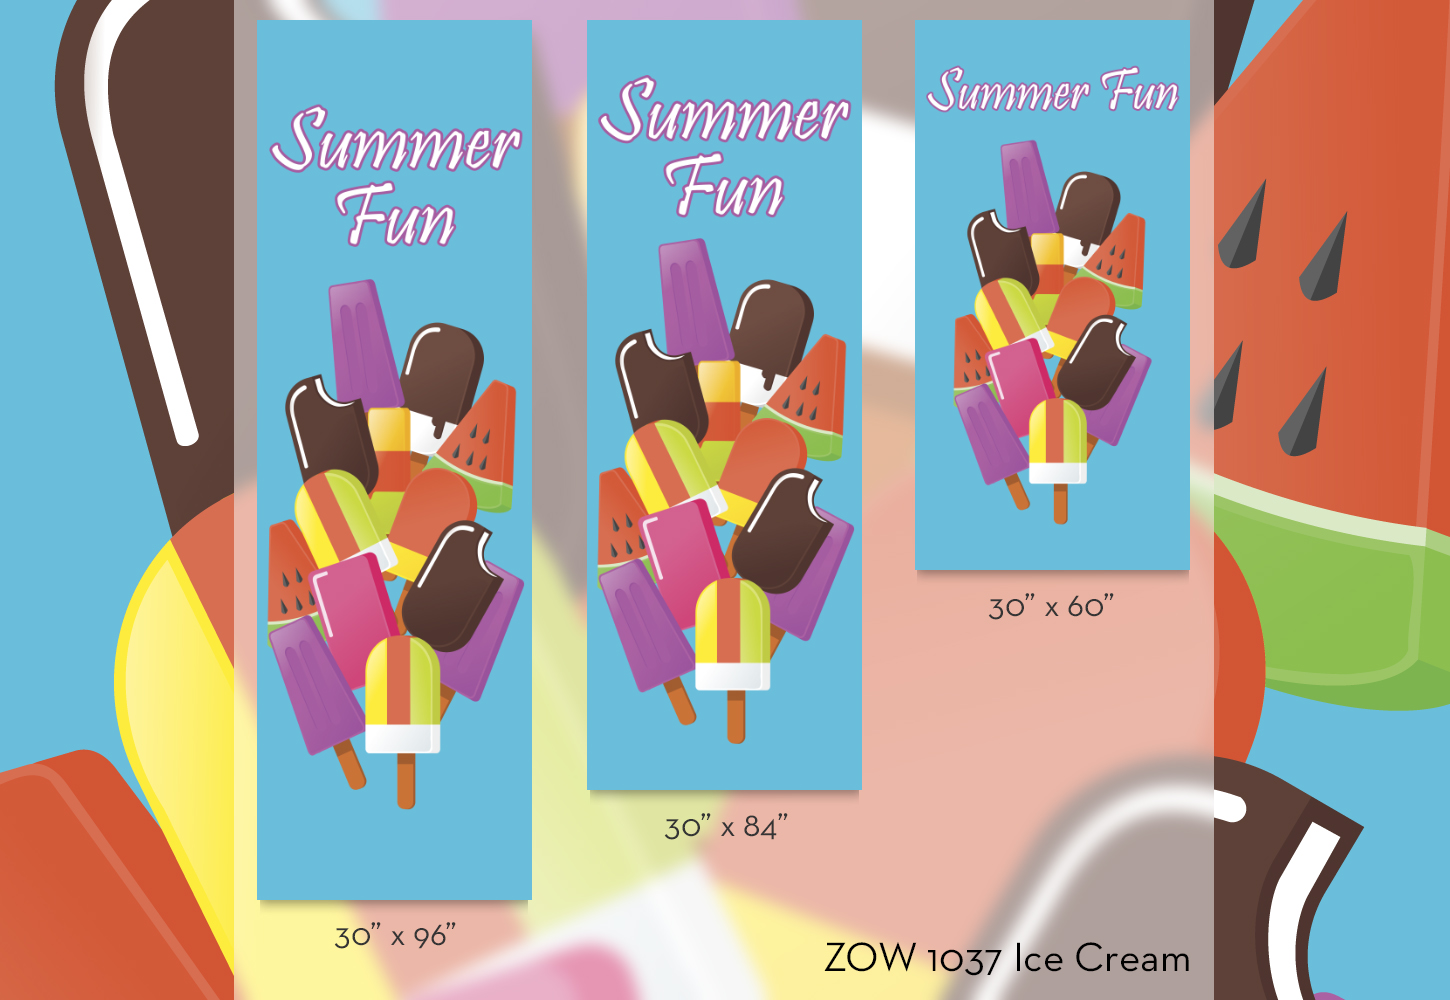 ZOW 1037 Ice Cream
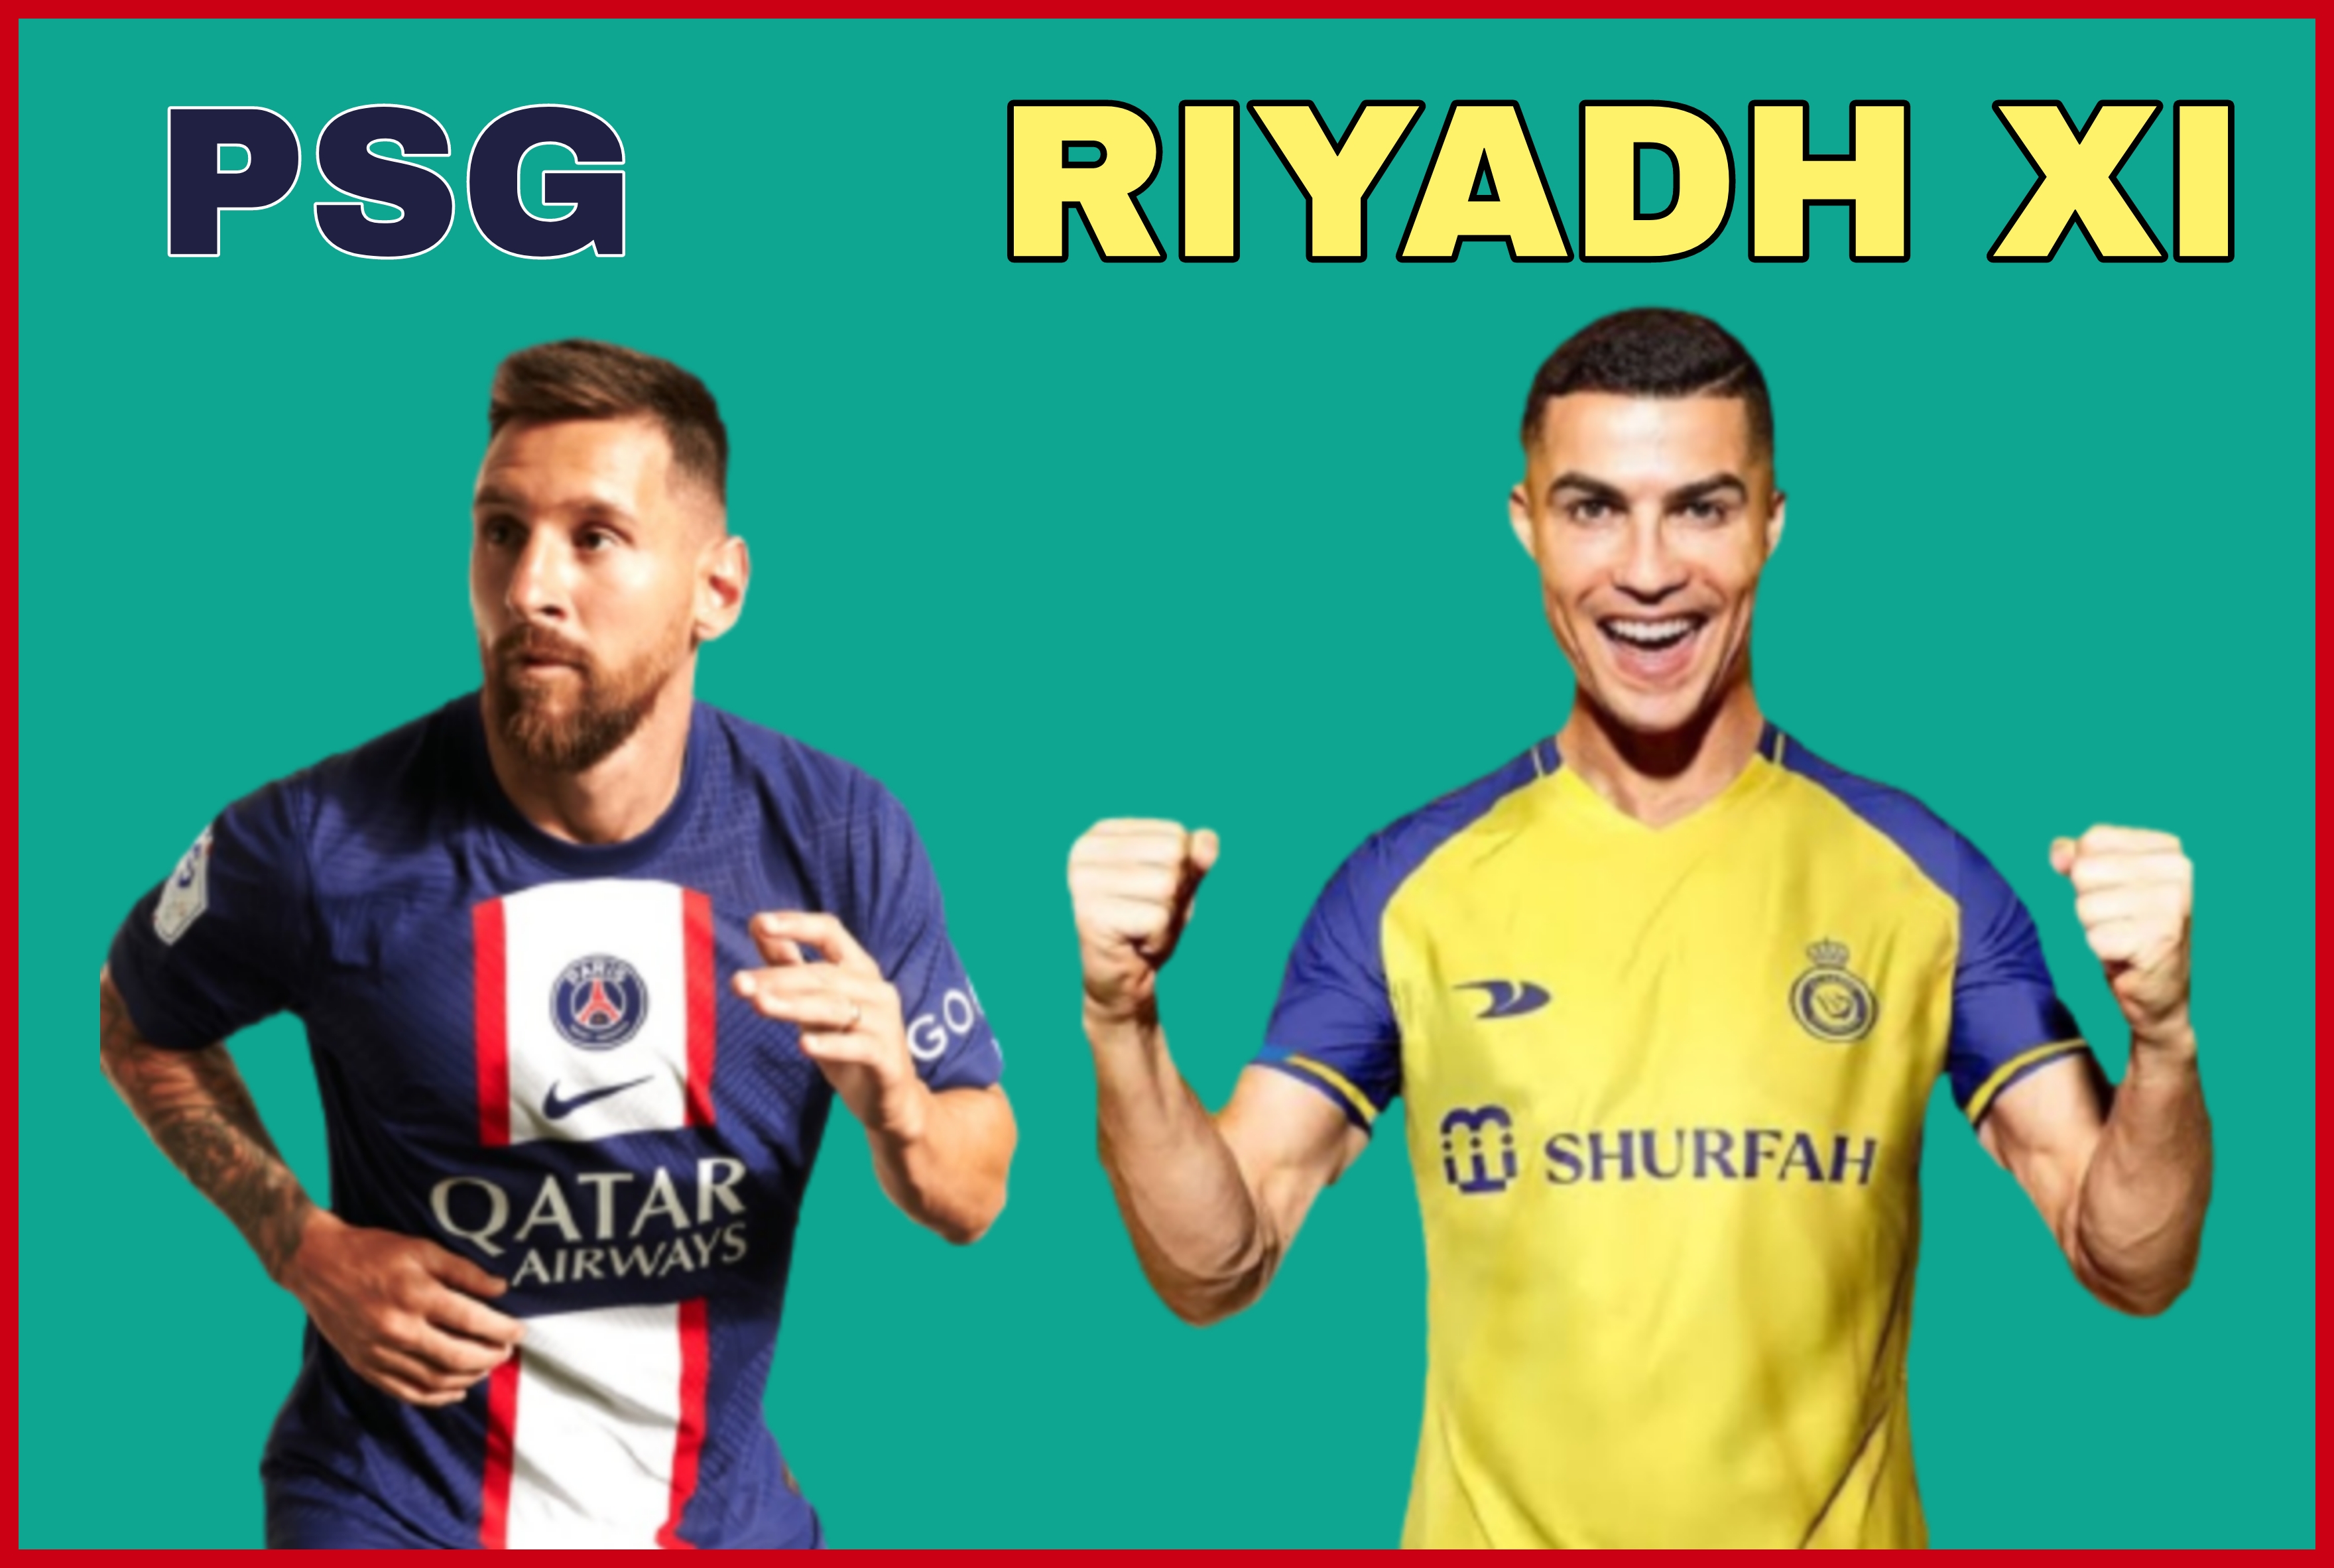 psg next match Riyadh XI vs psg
==
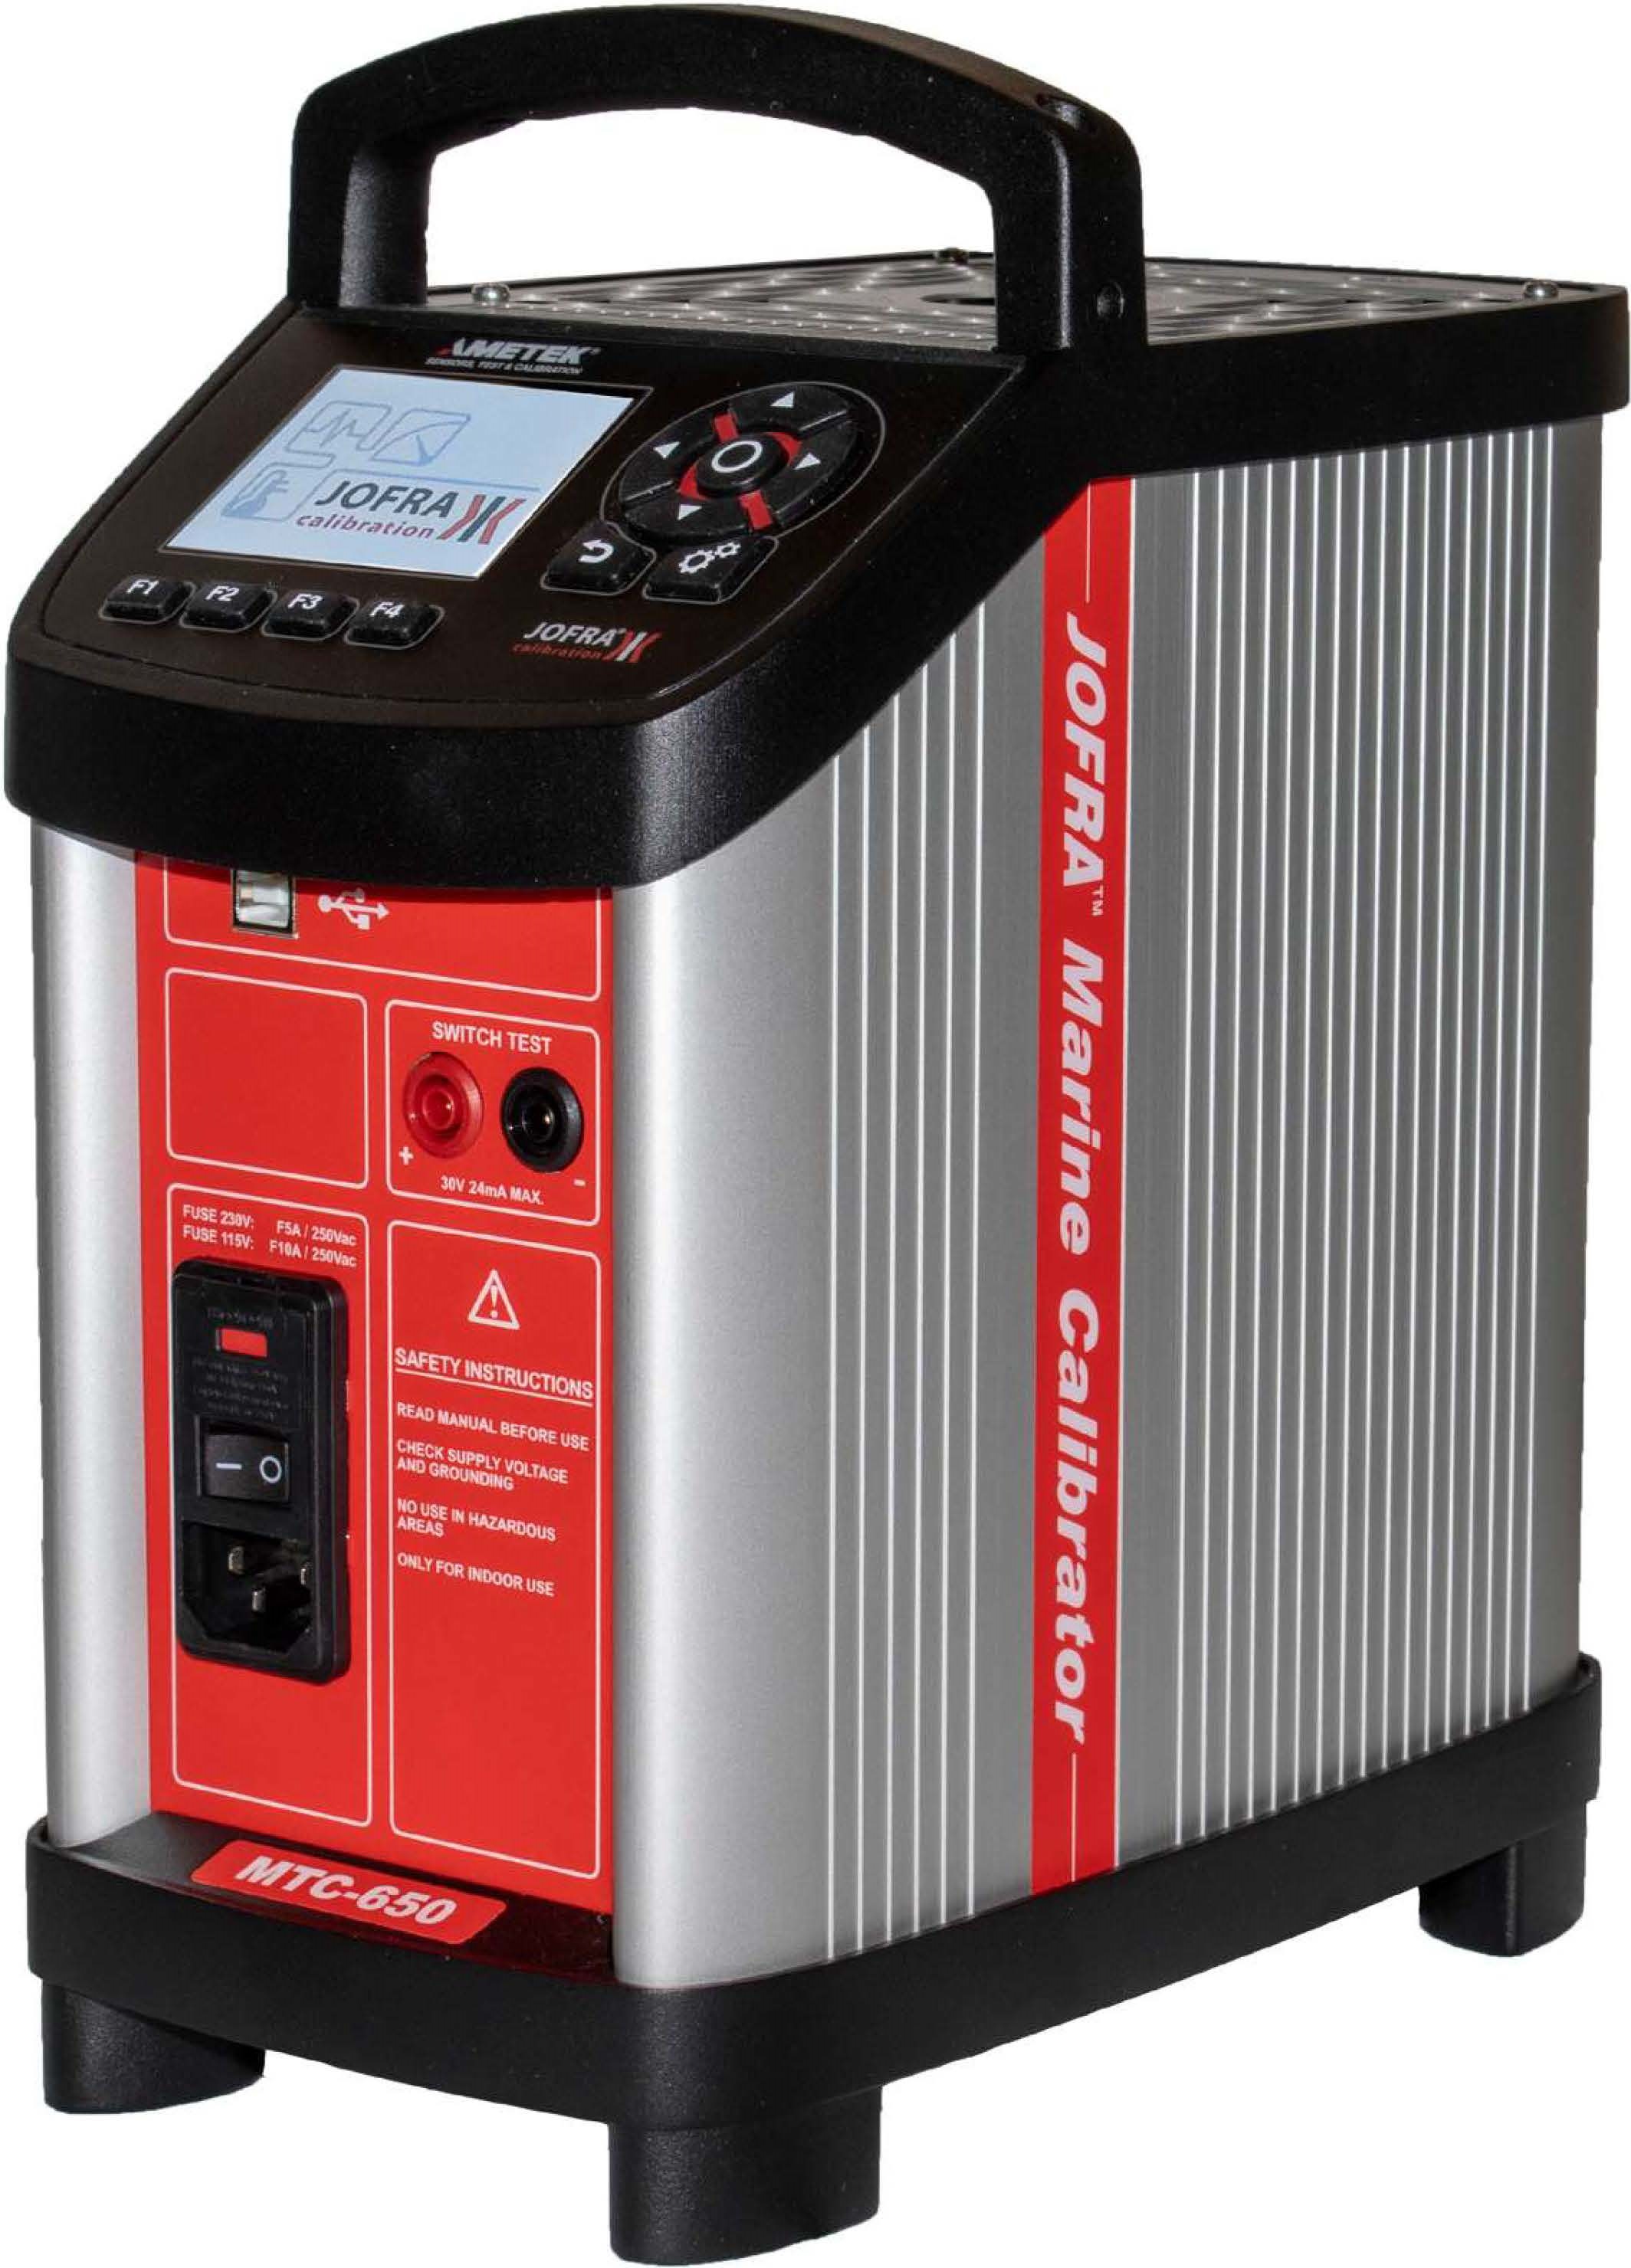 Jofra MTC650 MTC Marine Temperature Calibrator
--
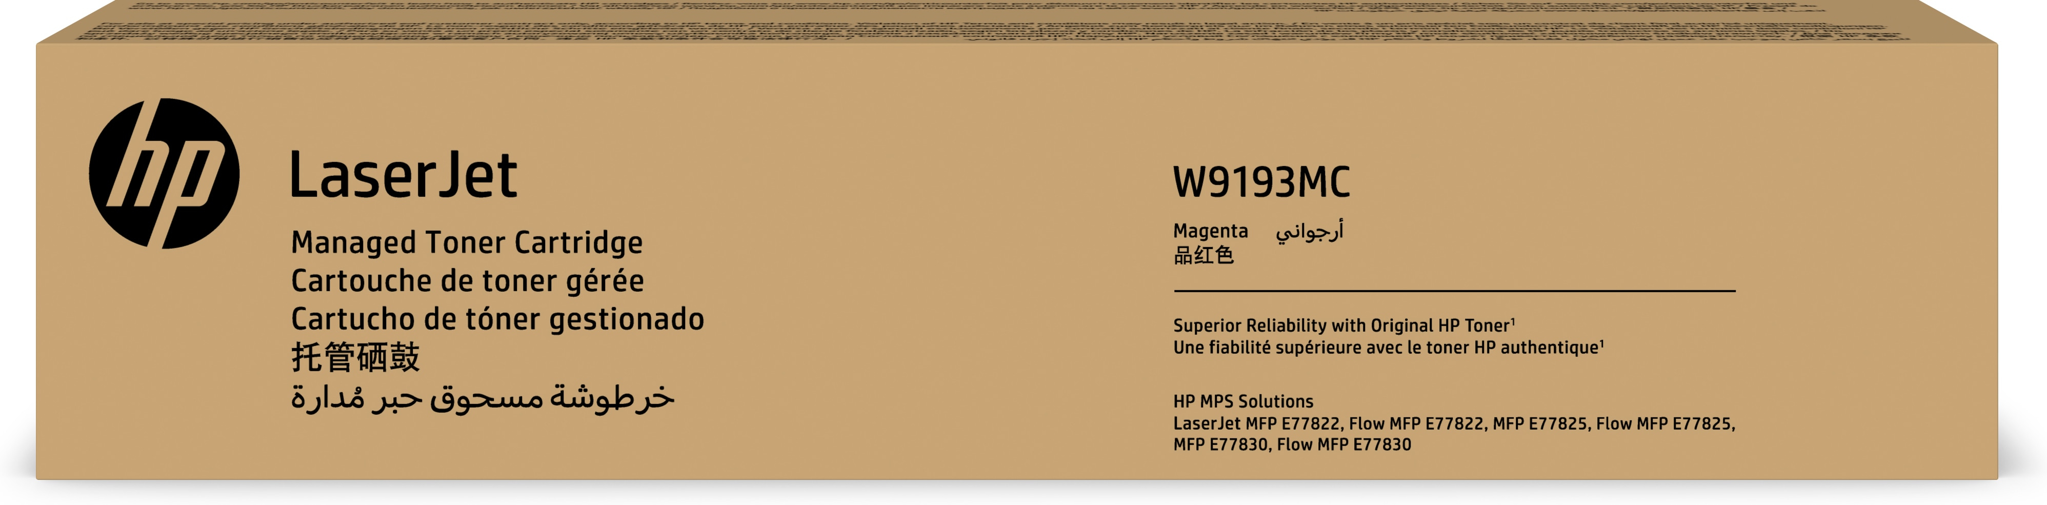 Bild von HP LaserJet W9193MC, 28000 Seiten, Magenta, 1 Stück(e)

== Task brief ==
Using the records above, return word for word the lines that begin at the one containing "ZOW 1037 Ice Cream" and end at the one containing "psg next match Riyadh XI vs psg", both of them included and no pictures.

== Your response ==
 ZOW 1037 Ice Cream
 psg next match Riyadh XI vs psg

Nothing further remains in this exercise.